Task instructions:
Every line below should come back exactly as written, though the pictures stay out.

Data excerpt:
———
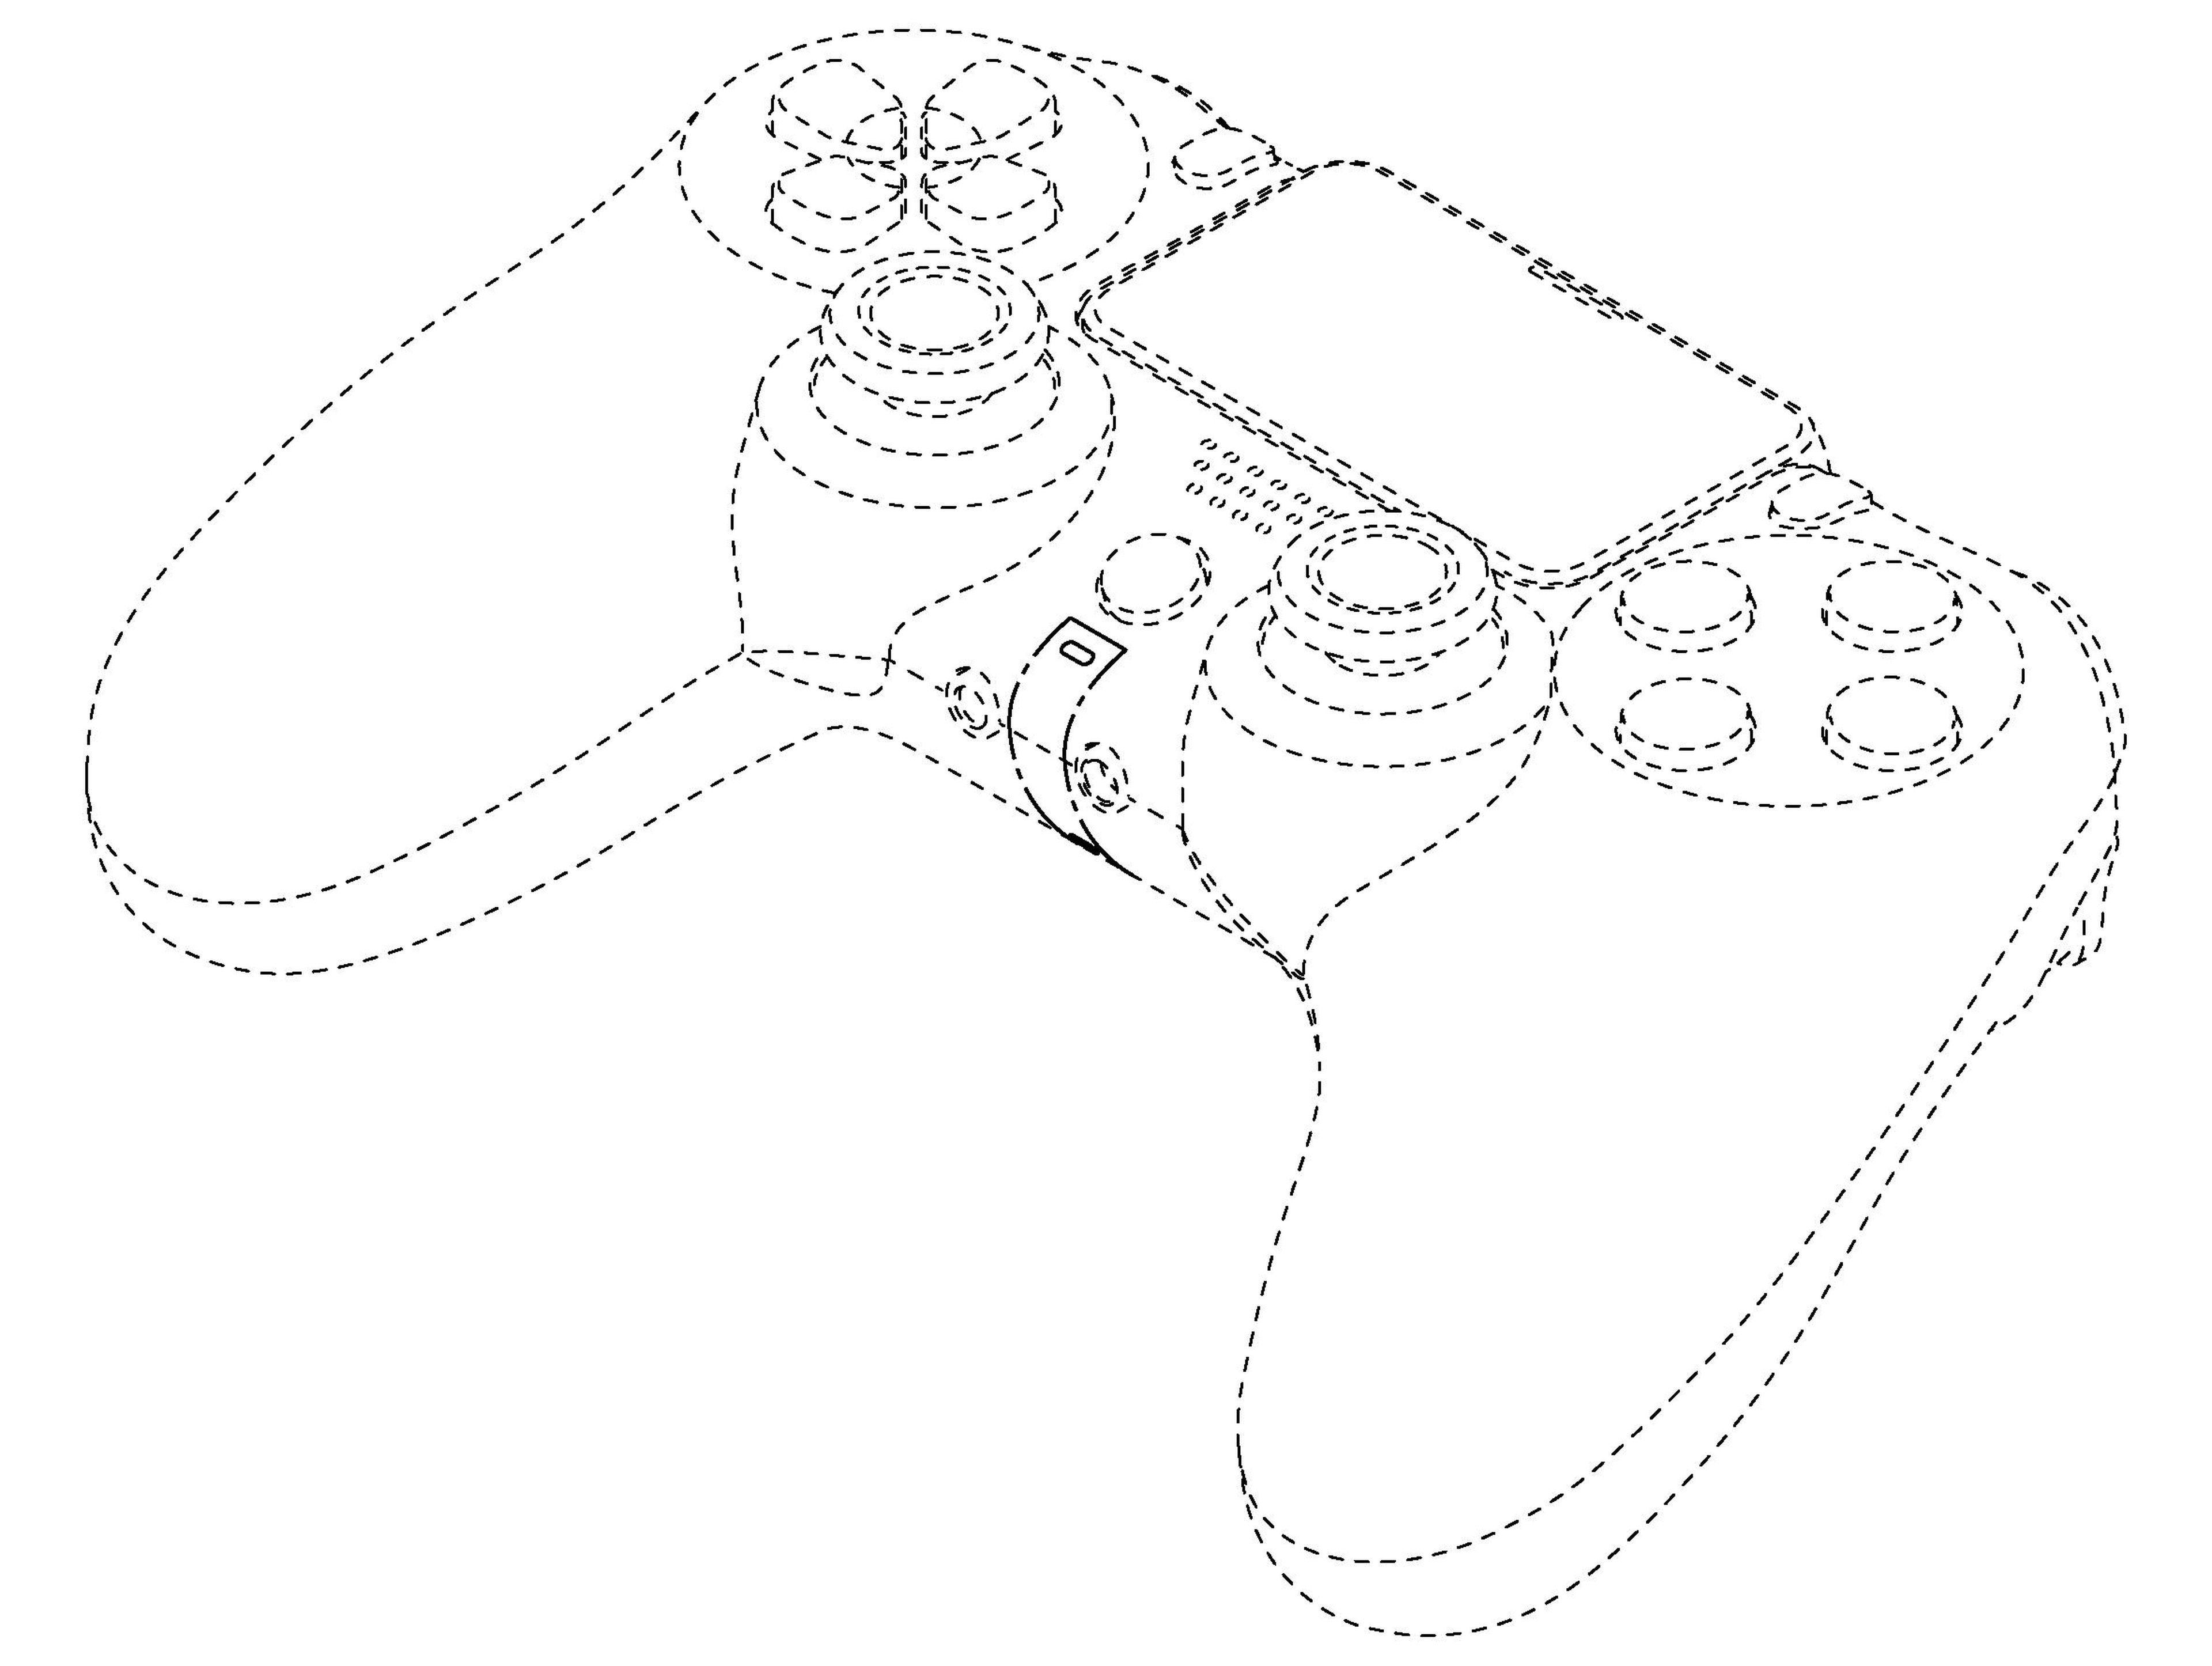 Prototipo del mando de PlayStation 4
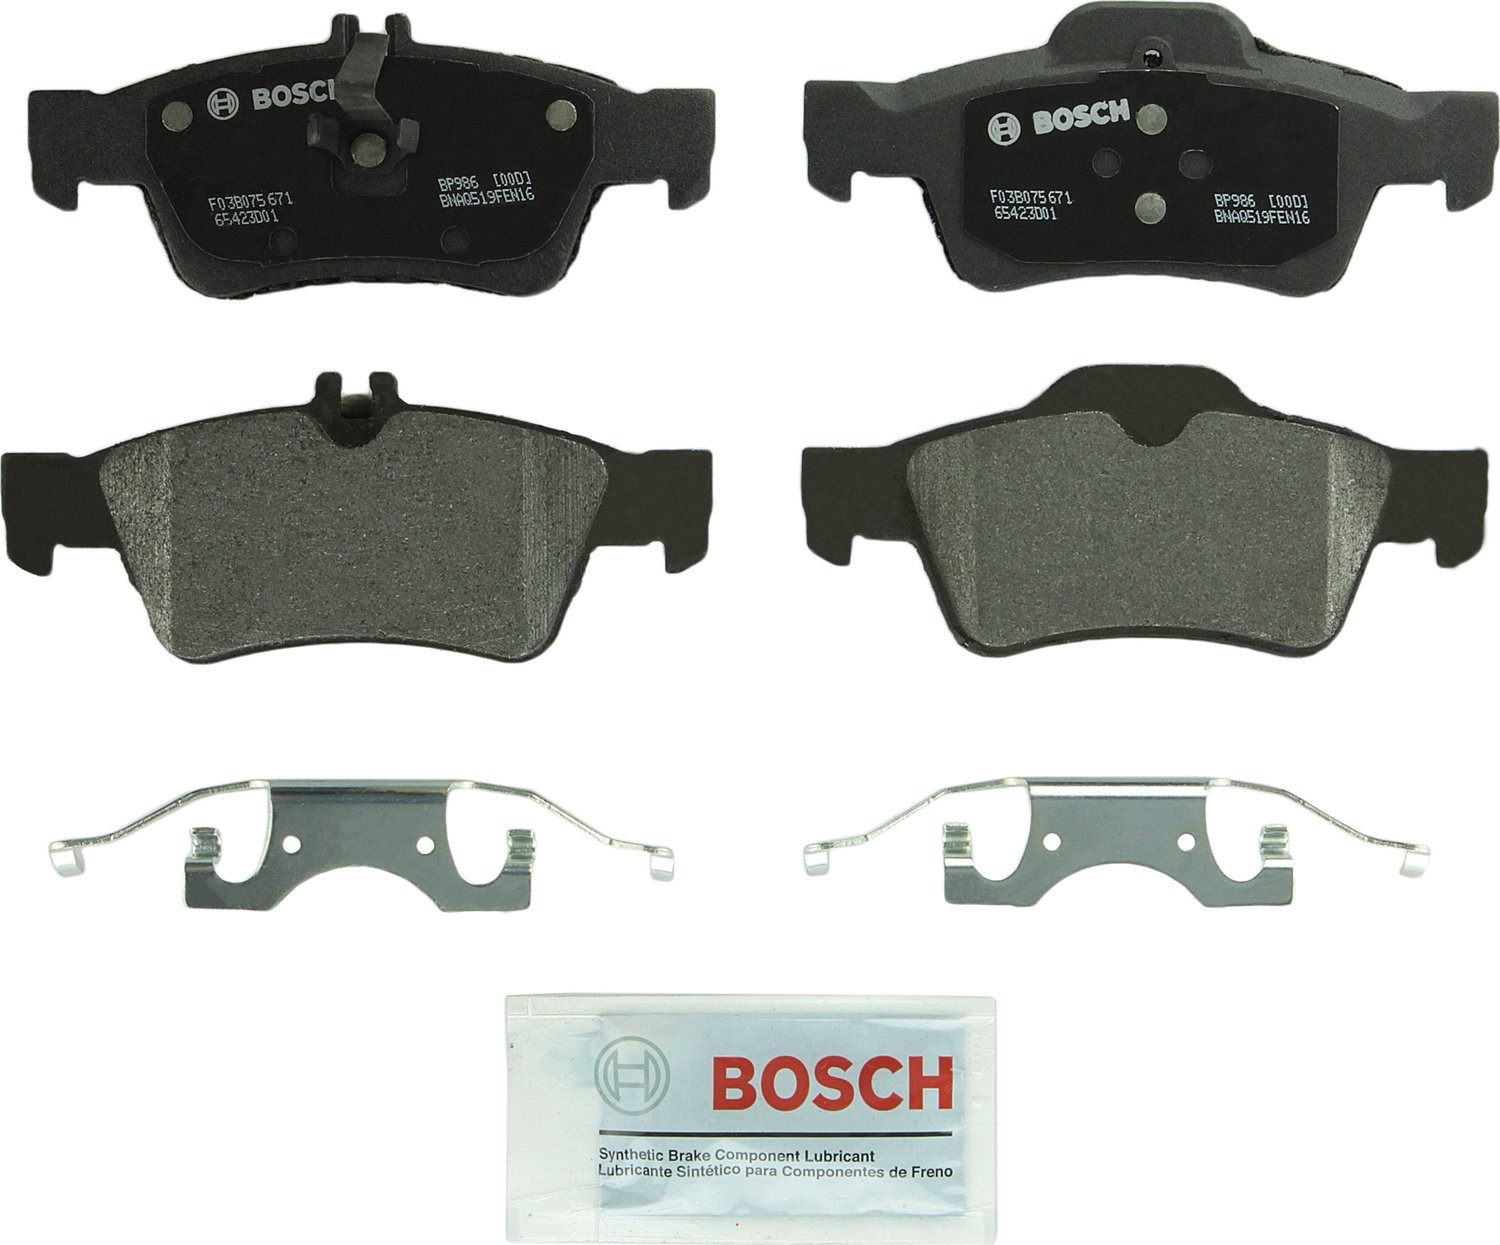 Bosch BP986 QuietCast プレミアム セミメタリック ディスク ブレーキ パッド セット -...
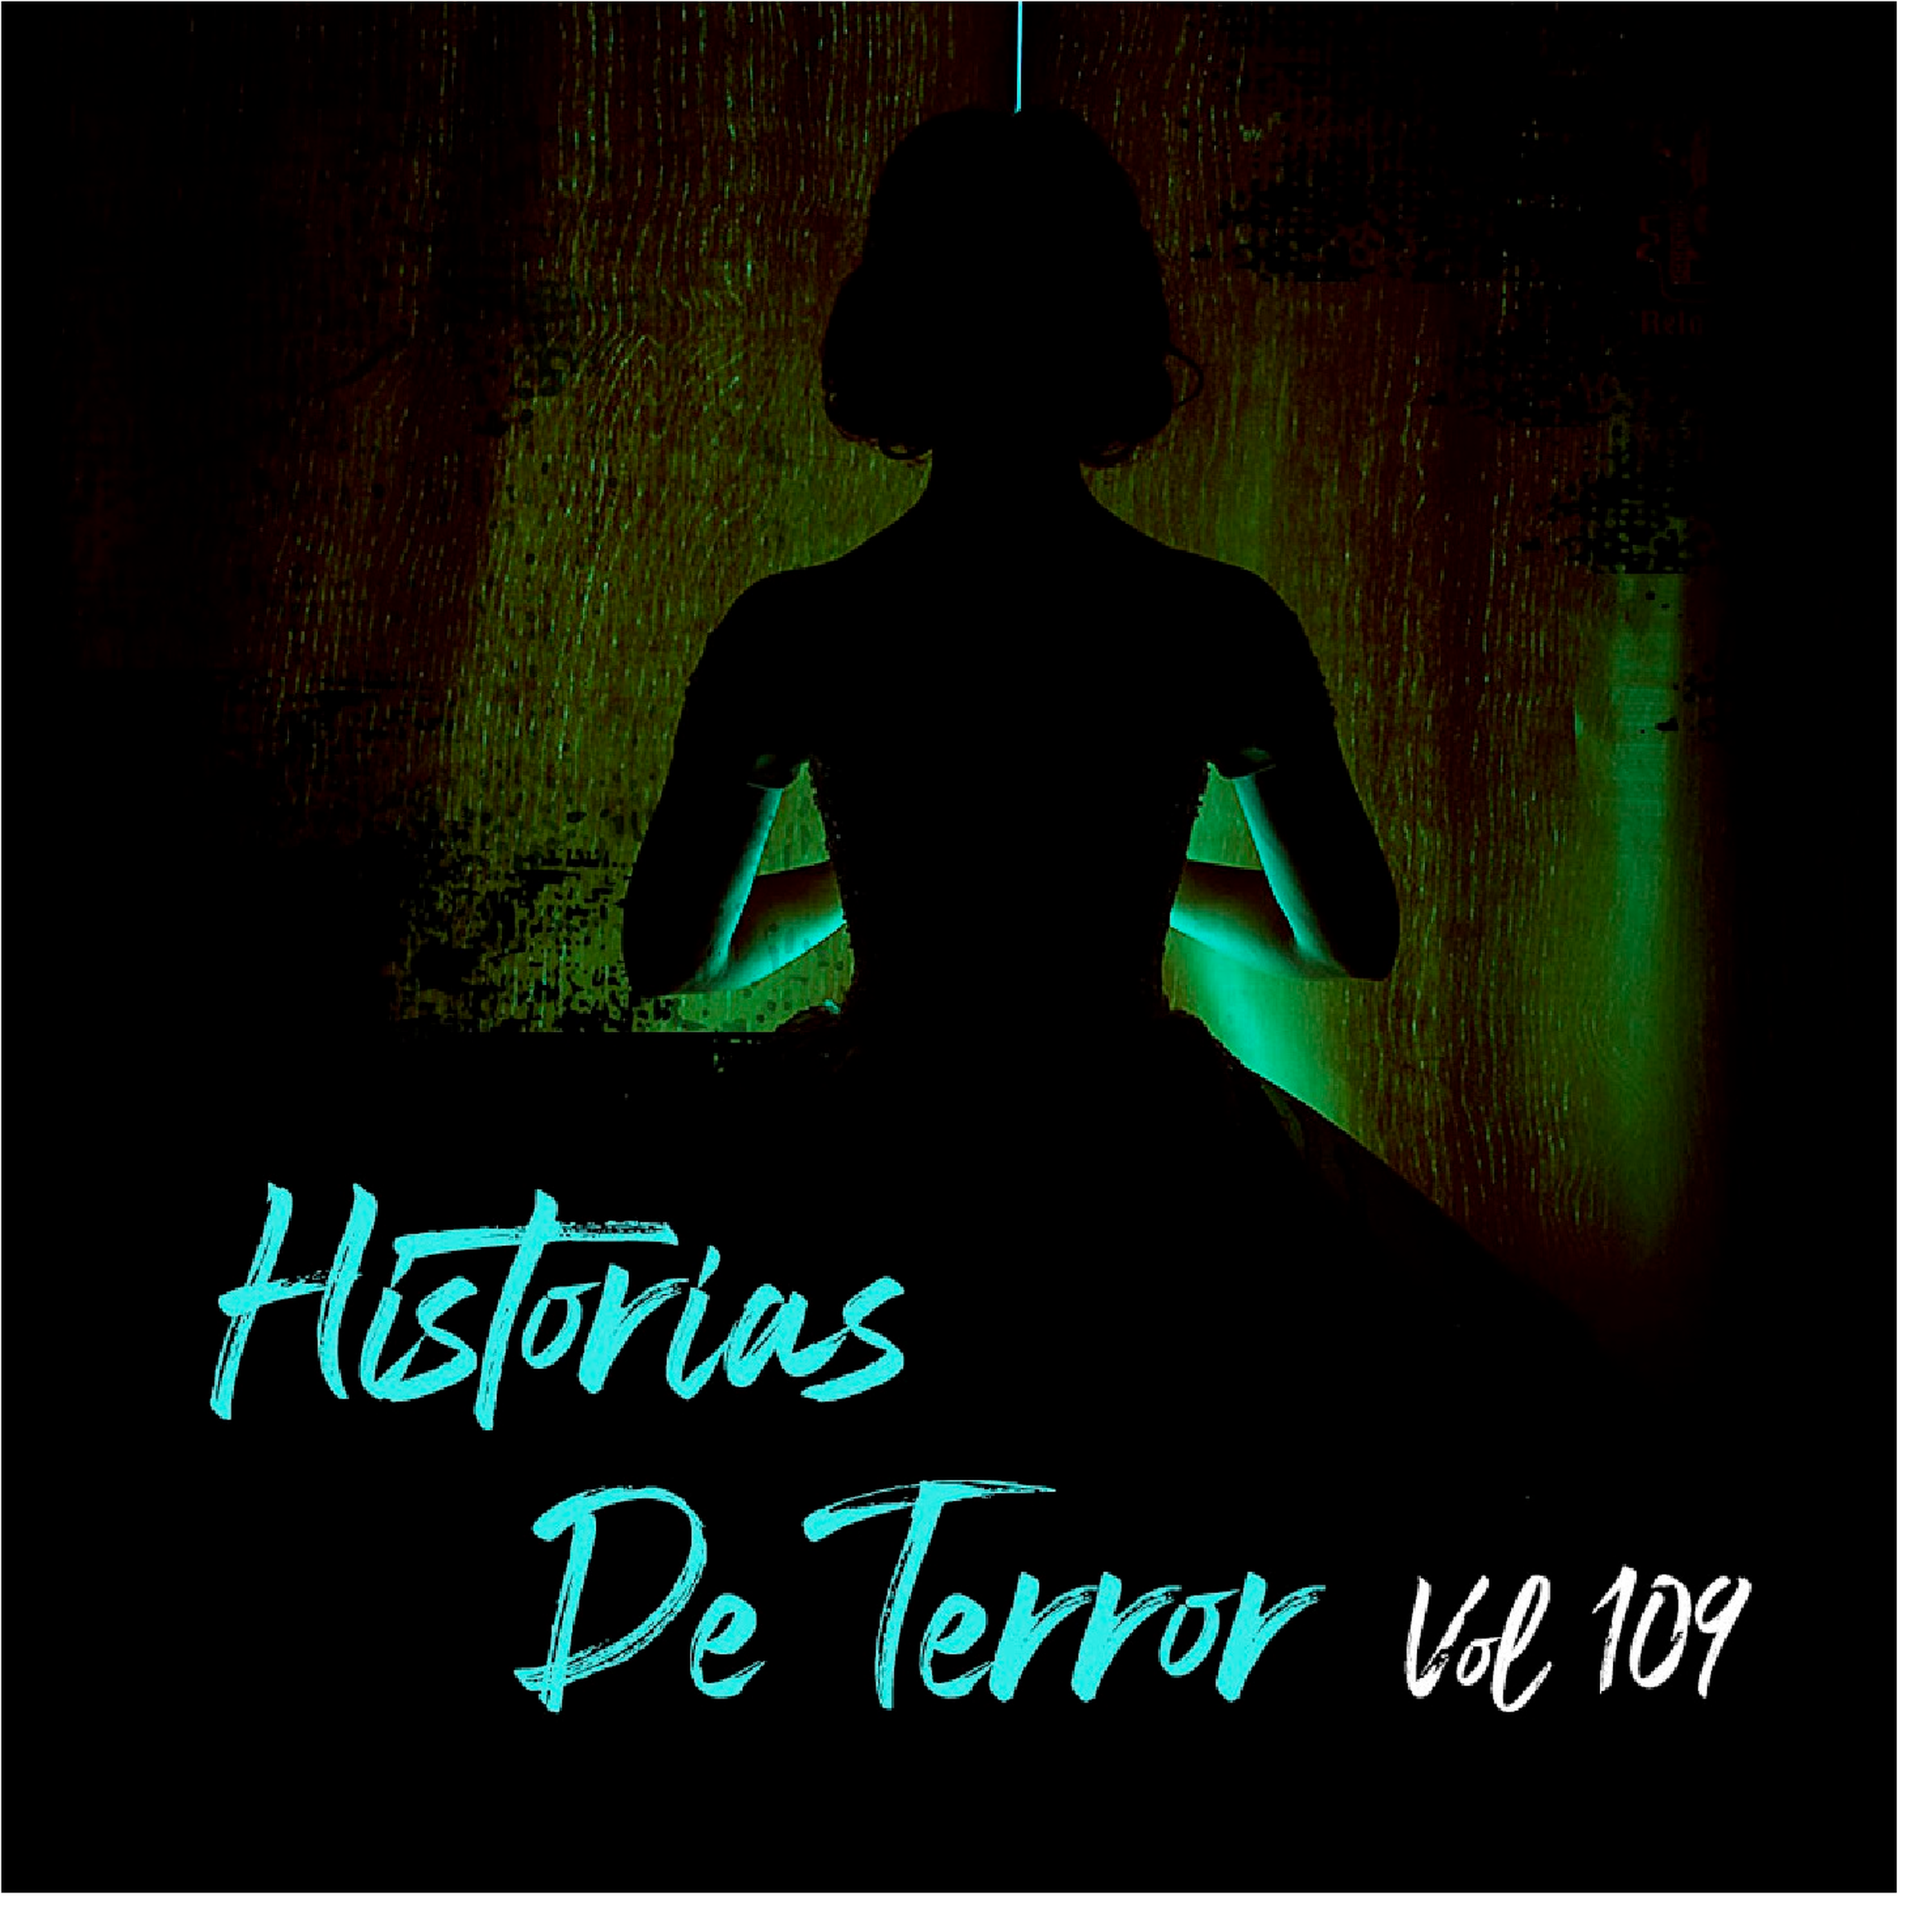 Historias De Terror Vol 109 Relatos De Horror Relatos De Horror Historias De Terror 2114
———
Solution to this problem:
 Prototipo del mando de PlayStation 4
 Bosch BP986 QuietCast プレミアム セミメタリック ディスク ブレーキ パッド セット -...
 Historias De Terror Vol 109 Relatos De Horror Relatos De Horror Historias De Terror 2114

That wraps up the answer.